Once the youngest child is in school, the proportion of mothers at home drops to around 20 per cent, but part-time work remains the norm until the youngest starts at secondary school.

At this point, most women go full-time, but they have lost ground to their male counterparts and are, justifiably, way behind in the pay stakes.

What's more, these women often choose not  to try for promotion, putting their family's needs first.

That, it seems to me, is their choice  -  and it is a very wise one at that.

But while these choices, which put families ahead of careers, are enviable, they do mean that female workers will always be paid less on average than their male colleagues.

Let's remember that the men have been working full-time all along, staying in the loop for the better-paid jobs, working their way up the ladder.

Surely they shouldn't be discriminated against for that.

In my experience, I have also found that men are more ambitious than women. They are far more likely to apply for a new post and are more likely to be spurred on to have another go if they fail.

The female psyche goes in other directions  -  and long may it be so. After all, let's remember that there is much more to life than work.

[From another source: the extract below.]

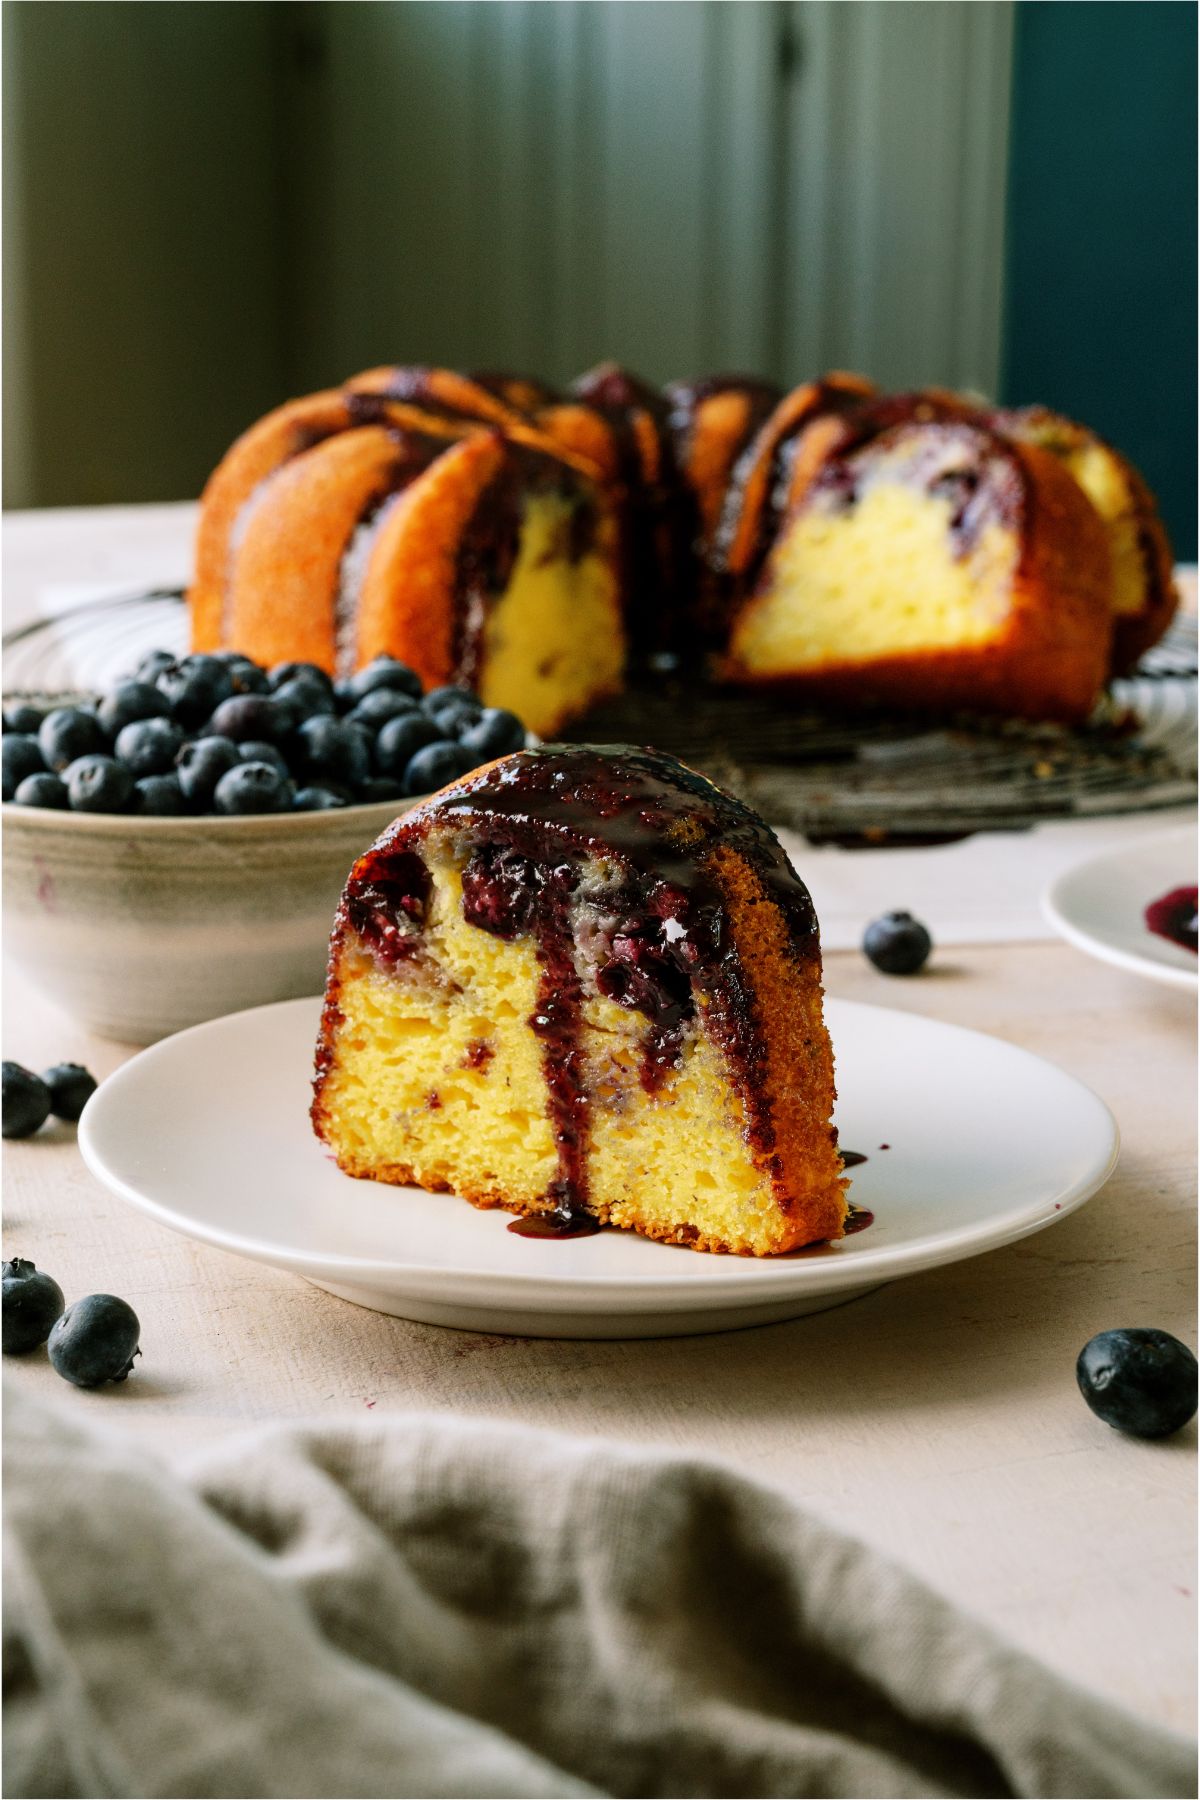 A slice of Lemon Blueberry Bundt Cake on a plate with the remaining cake in the background
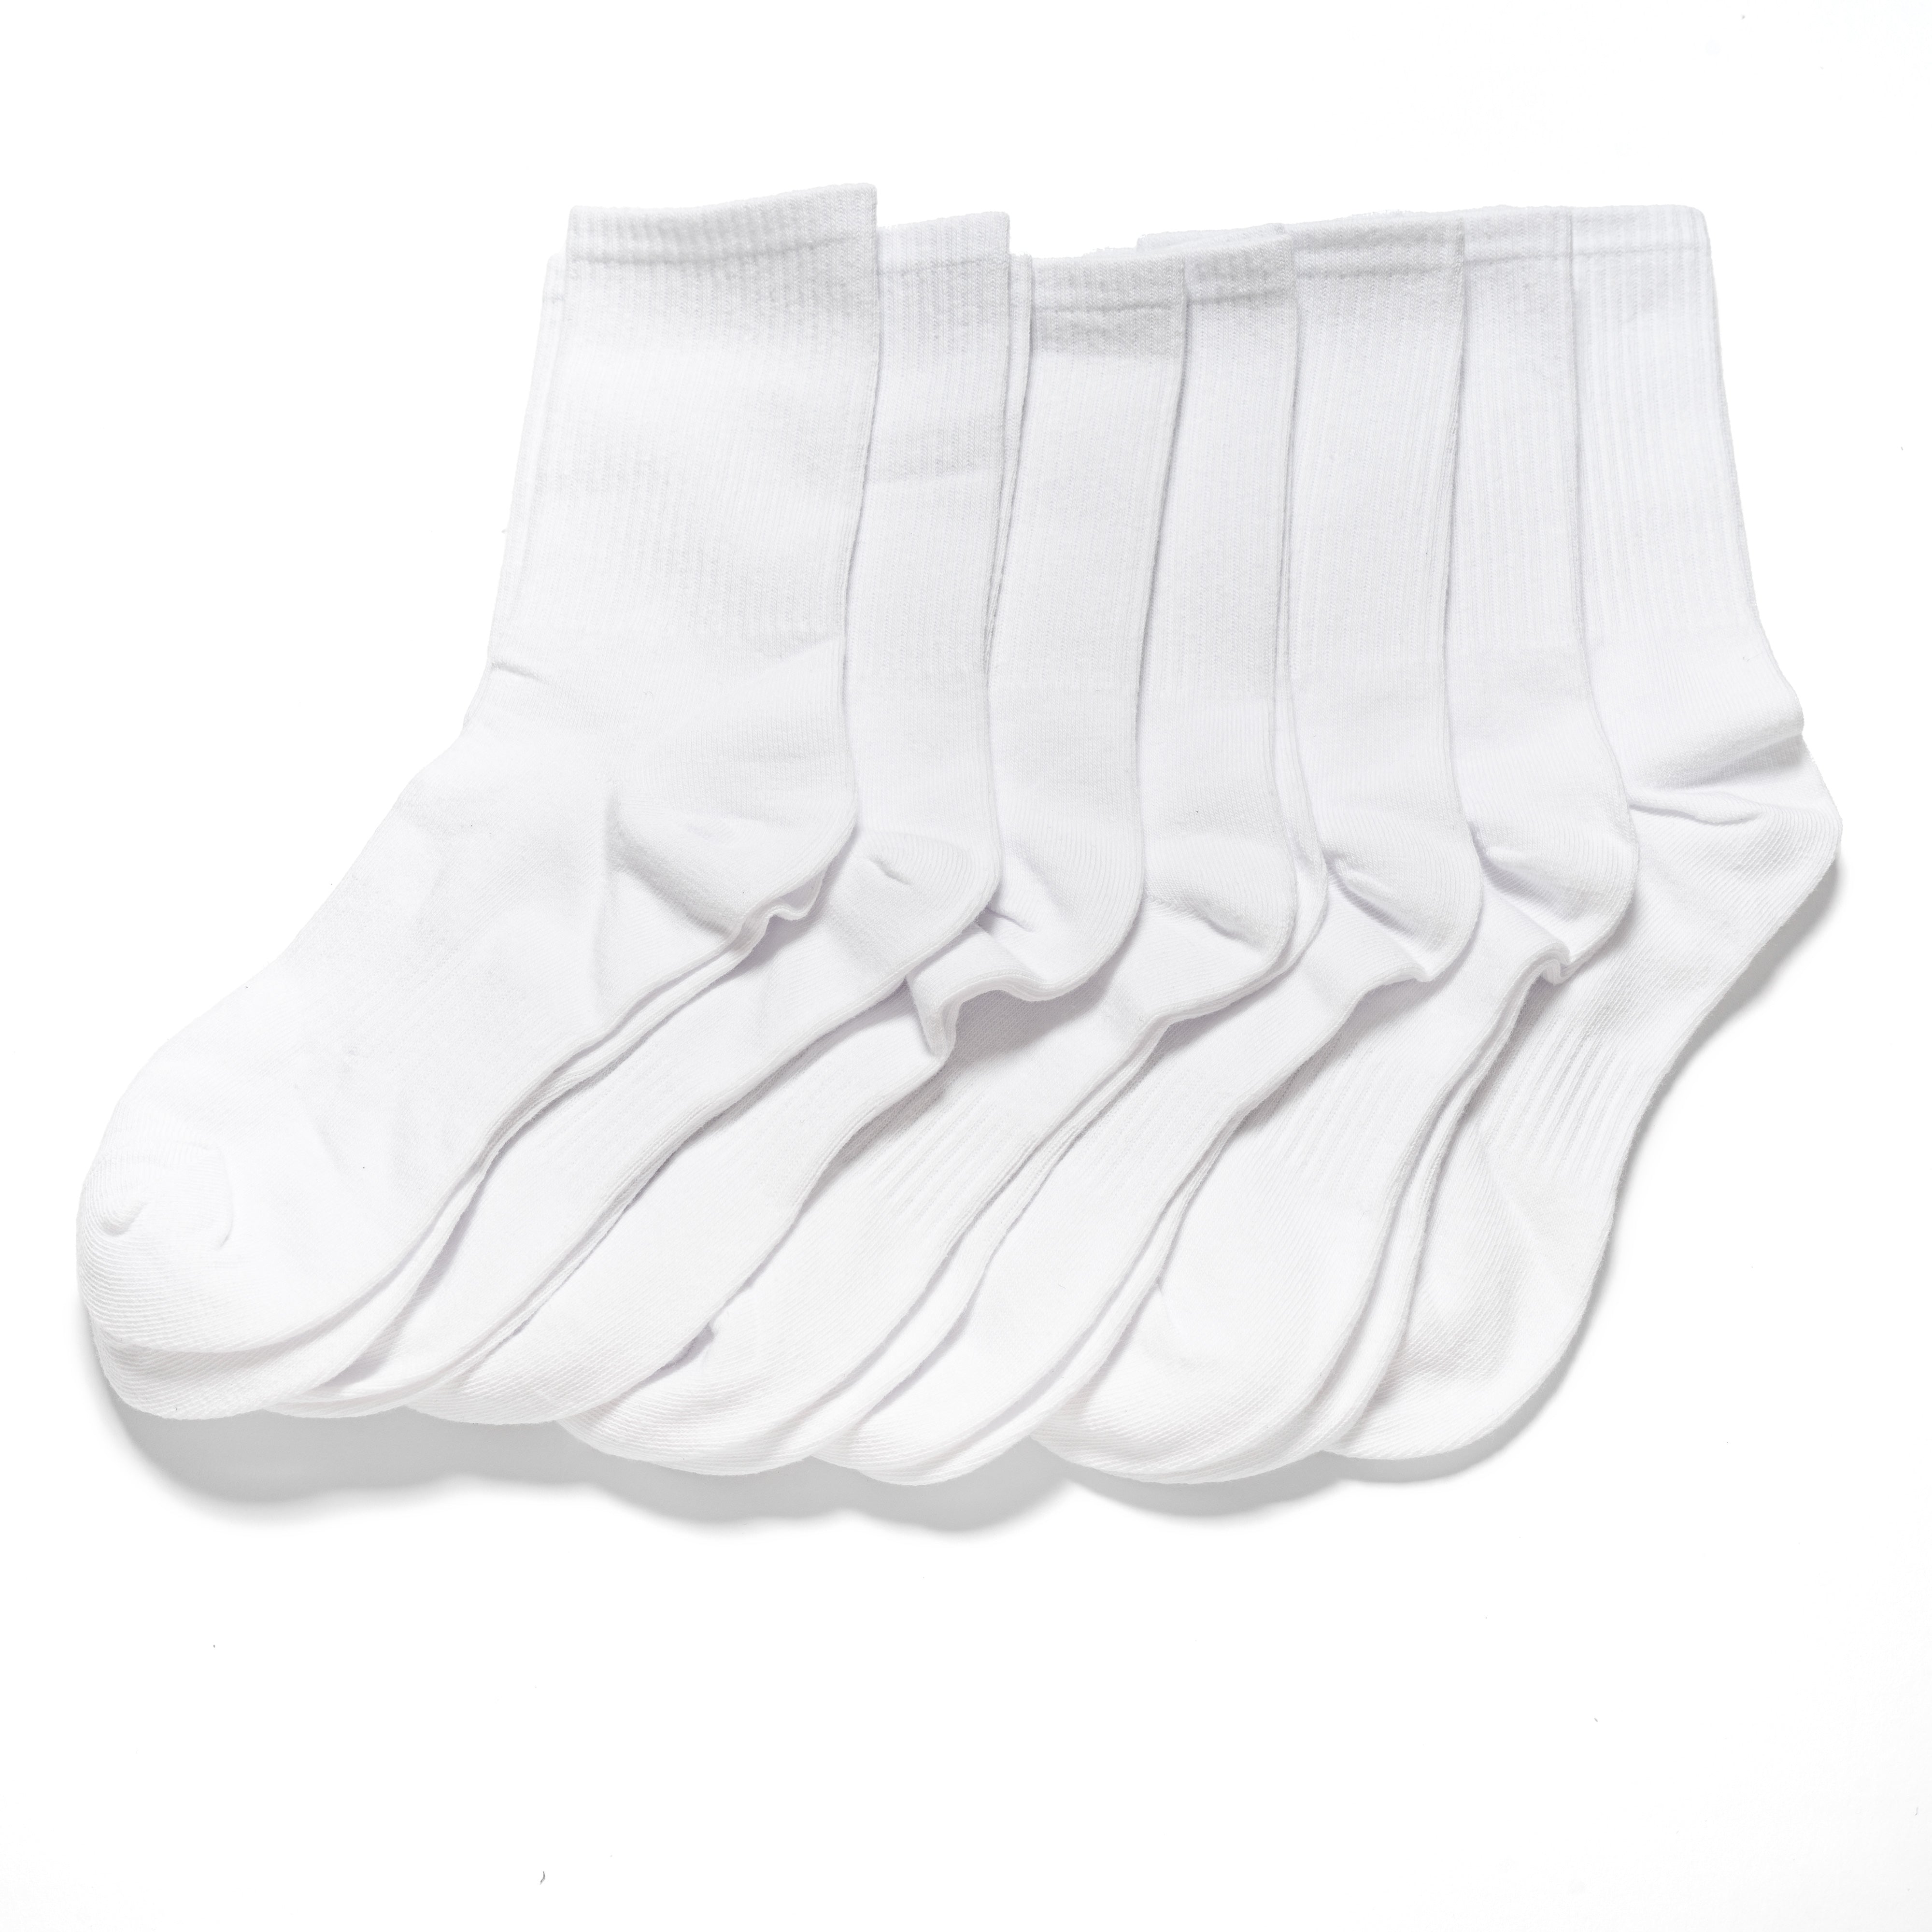 31 Pairs of High Cotton High Ankle Women's Socks - New Socks Daily

Of course, thank goodness today we are a million miles from the Britain of my youth, when I needed a male signature (my father's) to open a bank account.

In my first job, in 1969, women were not allowed to join the company pension fund  -  until I marched into the managing partner's office, gave him a piece of my mind and the rules were promptly changed.

And, yes, active discrimination is wrong. But to try to legislate away all of the differences in society is equally wrong  -  and ultimately bound to fail.

Labour is obsessed with legislation  -  and Harriet Harman is no exception. Her style is that of some latter-day Boudicca, charging the Romans; she's on the warpath, eyes flashing, brandishing as her weapons the full might of the law.

This is typical of a Government that is stuffed to bursting with lawyers and so light on anyone with real business acumen or experience.

They cannot see that the law is frequently an ass  -  and them with it.

These proposals won't help individual women in the workplace, but they will certainly provide extra cases and fat fees for their friends in the fashionable Inns of Court.

If you really want to promote the position of women, Harriet, then do whatever you can to preserve a healthy level of employment in the next couple of years, because it's often female employees who get the boot when times are tough.

Meanwhile, undo the overt hypocrisy in your own backyard. If you managed that, we women might have someone in power we can actually look up to.

Then again, perhaps that's just a hope too far.